Woods Cross March Floral Selection


The Bloom Central flower delivery of the month for March in Woods Cross is the Birthday Brights Bouquet

March flower delivery item for Woods Cross

The Birthday Brights Bouquet from Bloom Central is a delightful floral arrangement that anyone would adore. With its vibrant colors and cheerful blooms, it's sure to bring a smile to the face of that special someone.

This bouquet features an assortment of beautiful flowers in shades of pink, orange, yellow, and purple. The combination of these bright hues creates a lively display that will add warmth and happiness to any room.
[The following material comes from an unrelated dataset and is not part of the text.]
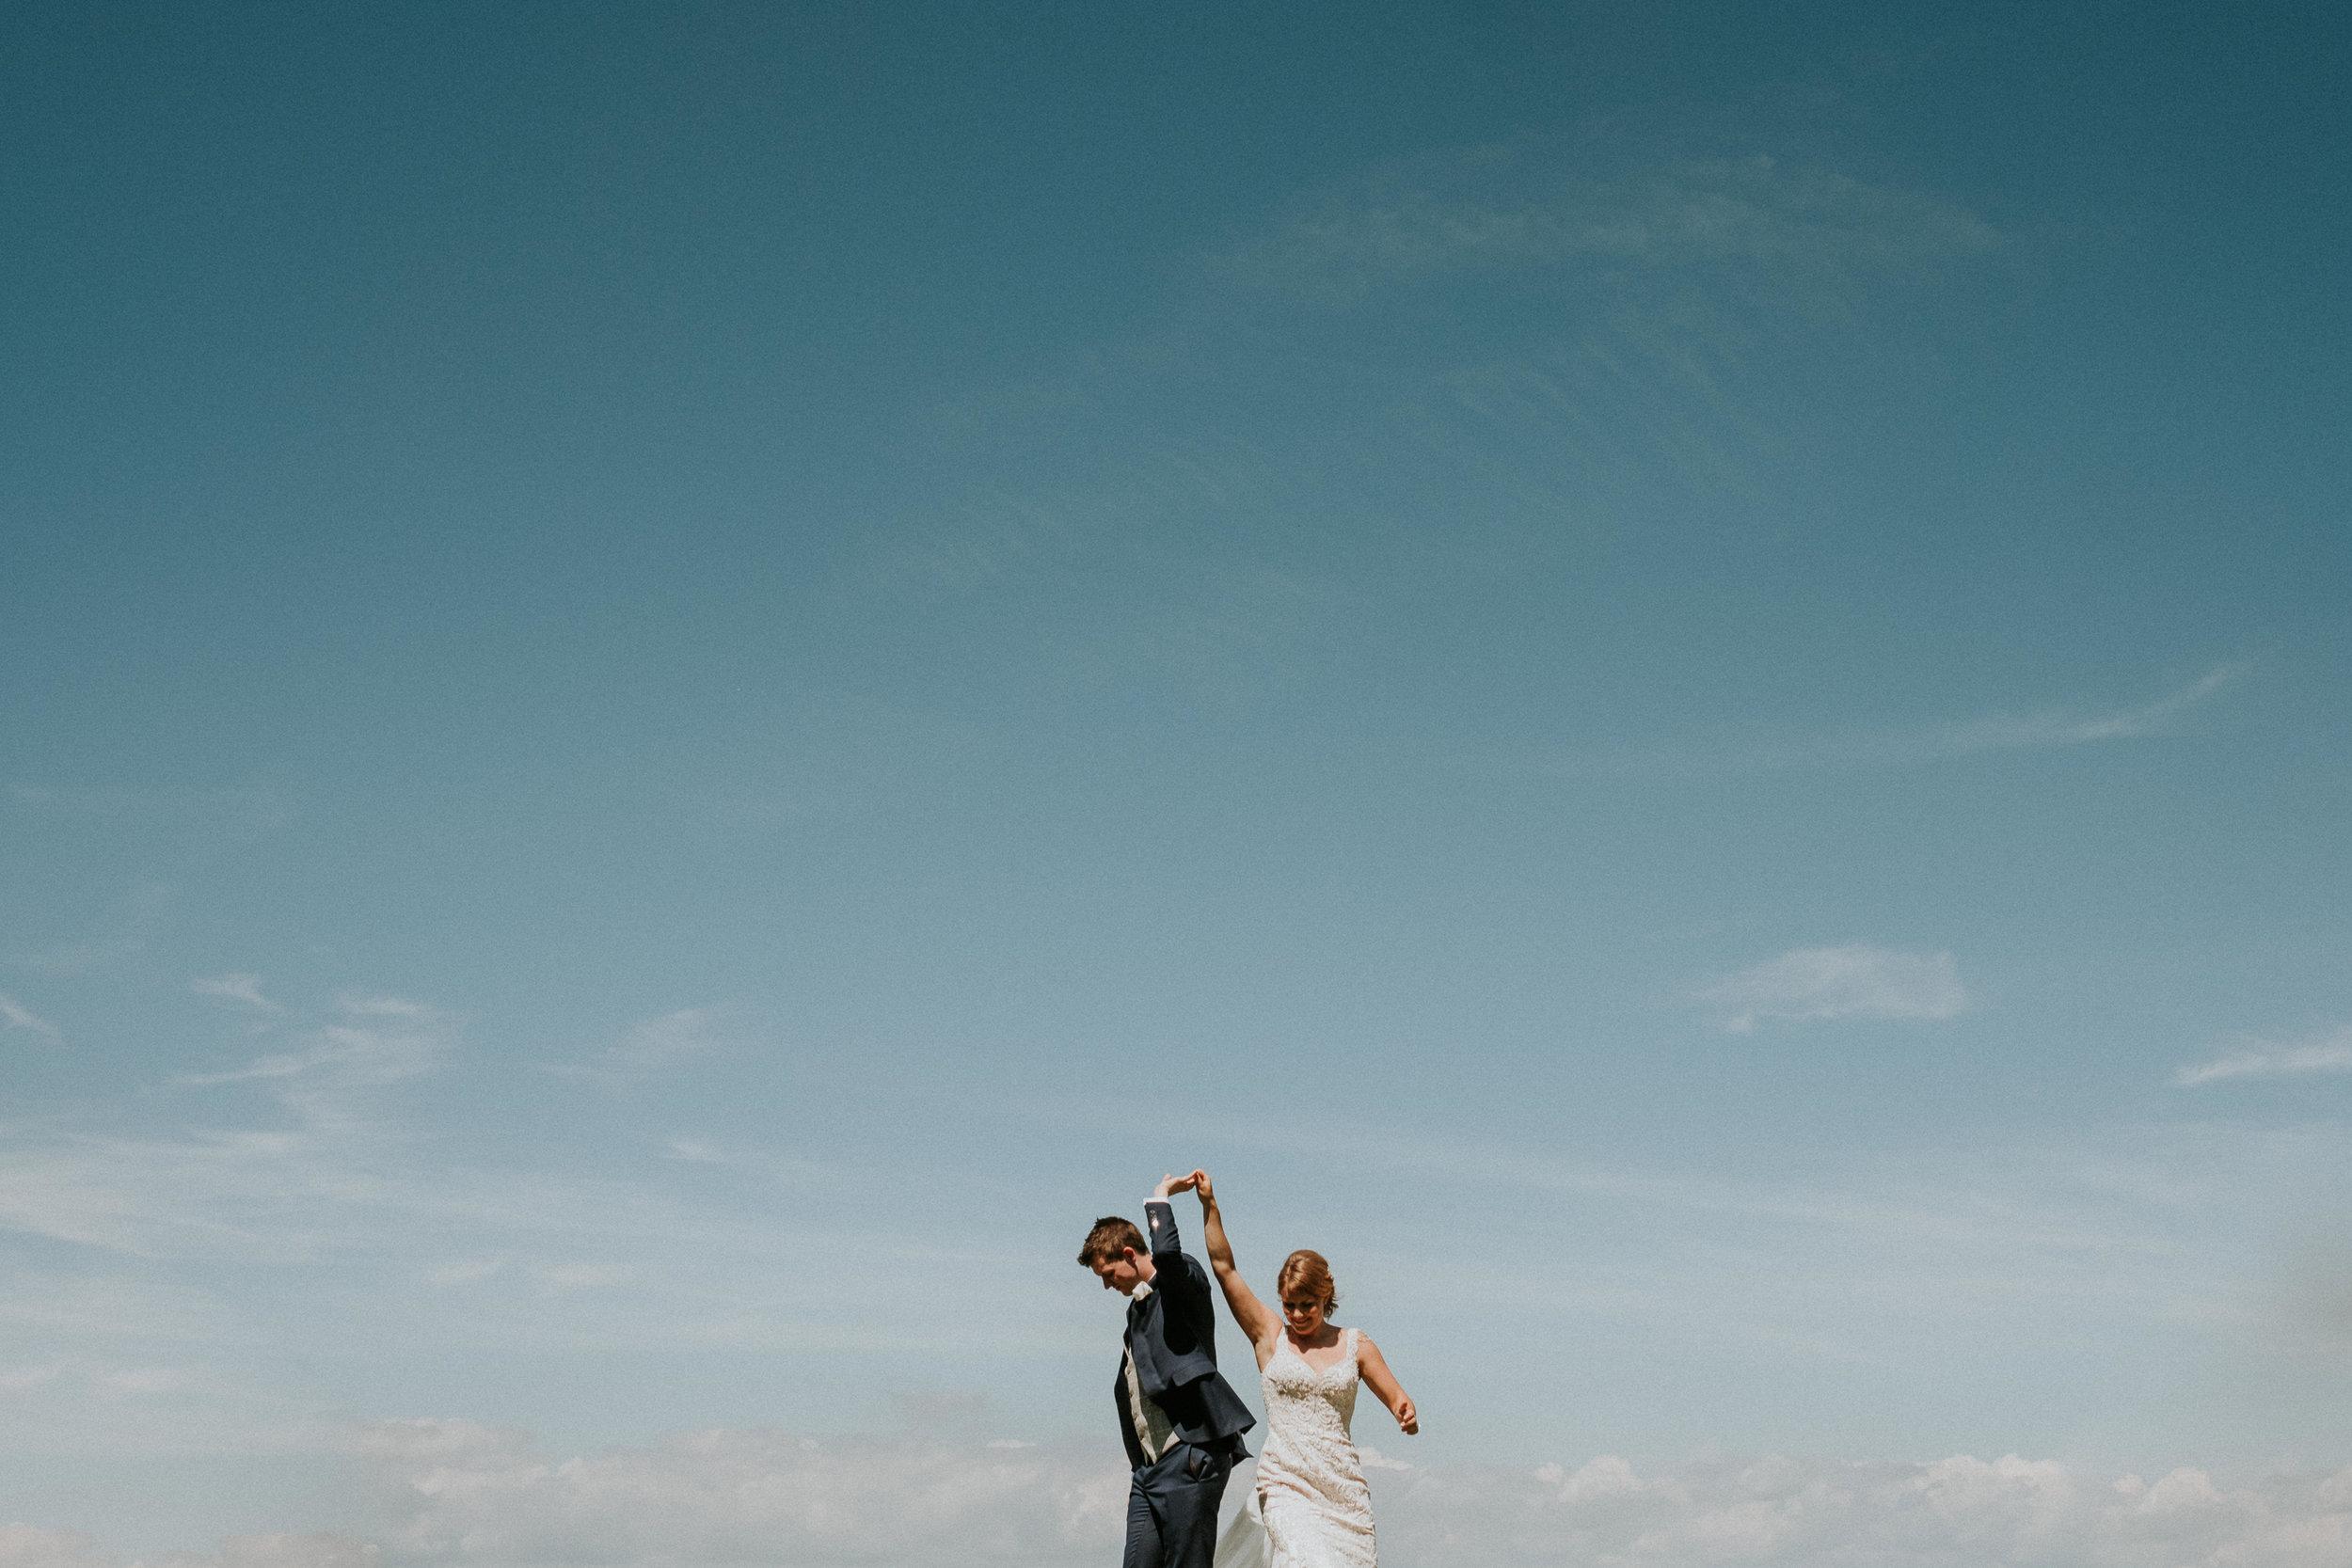 5 Southend Barns wedding photography Sussex creative fun joanna nicole photography1.jpg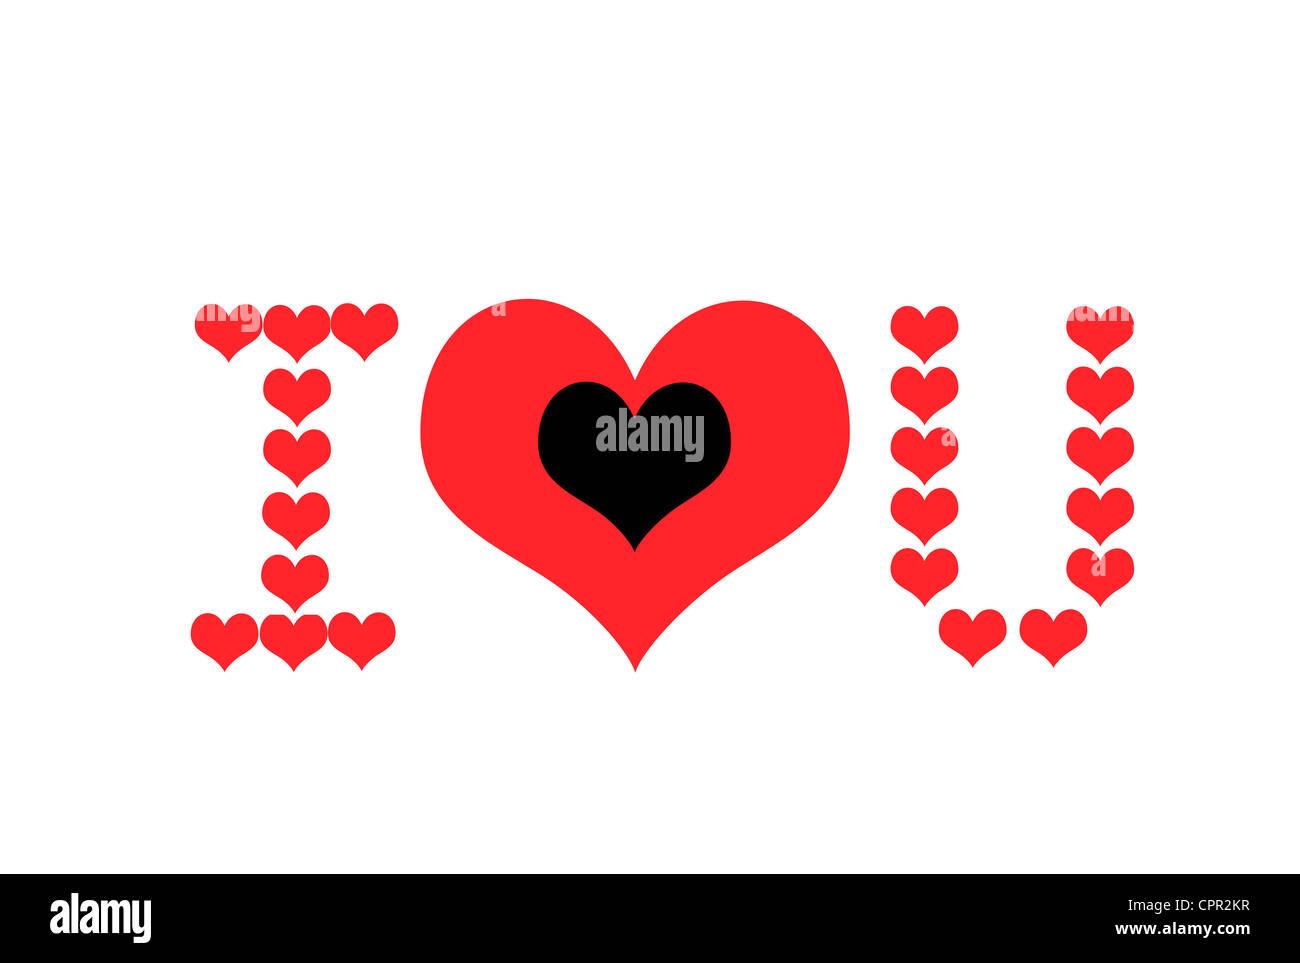 Symbolic representation of i love you or i heart you stock photo symbolic representation of i love you or i heart you spiritdancerdesigns Images

Specifically the Birthday Brights Bouquet is composed of hot pink gerbera daisies and orange roses taking center stage surrounded by purple statice, yellow cushion poms, green button poms, and lush greens to create party perfect birthday display.

To enhance the overall aesthetic appeal, delicate greenery has been added around the blooms. These greens provide texture while giving depth to each individual flower within the bouquet.

With Bloom Central's expert florists crafting every detail with care and precision, you can be confident knowing that your gift will arrive fresh and beautifully arranged at the lucky recipient's doorstep when they least expect it.

If you're looking for something special to help someone celebrate - look no further than Bloom Central's Birthday Brights Bouquet!

Woods Cross Florist


Flowers perfectly capture all of nature's beauty and grace. Enhance and brighten someone's day or turn any room from ho-hum into radiant with the delivery of one of our elegant floral arrangements.

For someone celebrating a birthday, the Birthday Ribbon Bouquet featuring asiatic lilies, purple matsumoto asters, red gerberas and miniature carnations plus yellow roses is a great choice. The Precious Heart Bouquet is popular for all occasions and consists of red matsumoto asters, pink mini carnations surrounding the star of the show, the stunning fuchsia roses.

The Birthday Ribbon Bouquet and Precious Heart Bouquet are just two of the nearly one hundred different bouquets that can be professionally arranged and hand delivered by a local Woods Cross Utah flower shop. Don't fall for the many other online flower delivery services that really just ship flowers in a cardboard box to the recipient. We believe flowers should be handled with care and a personal touch.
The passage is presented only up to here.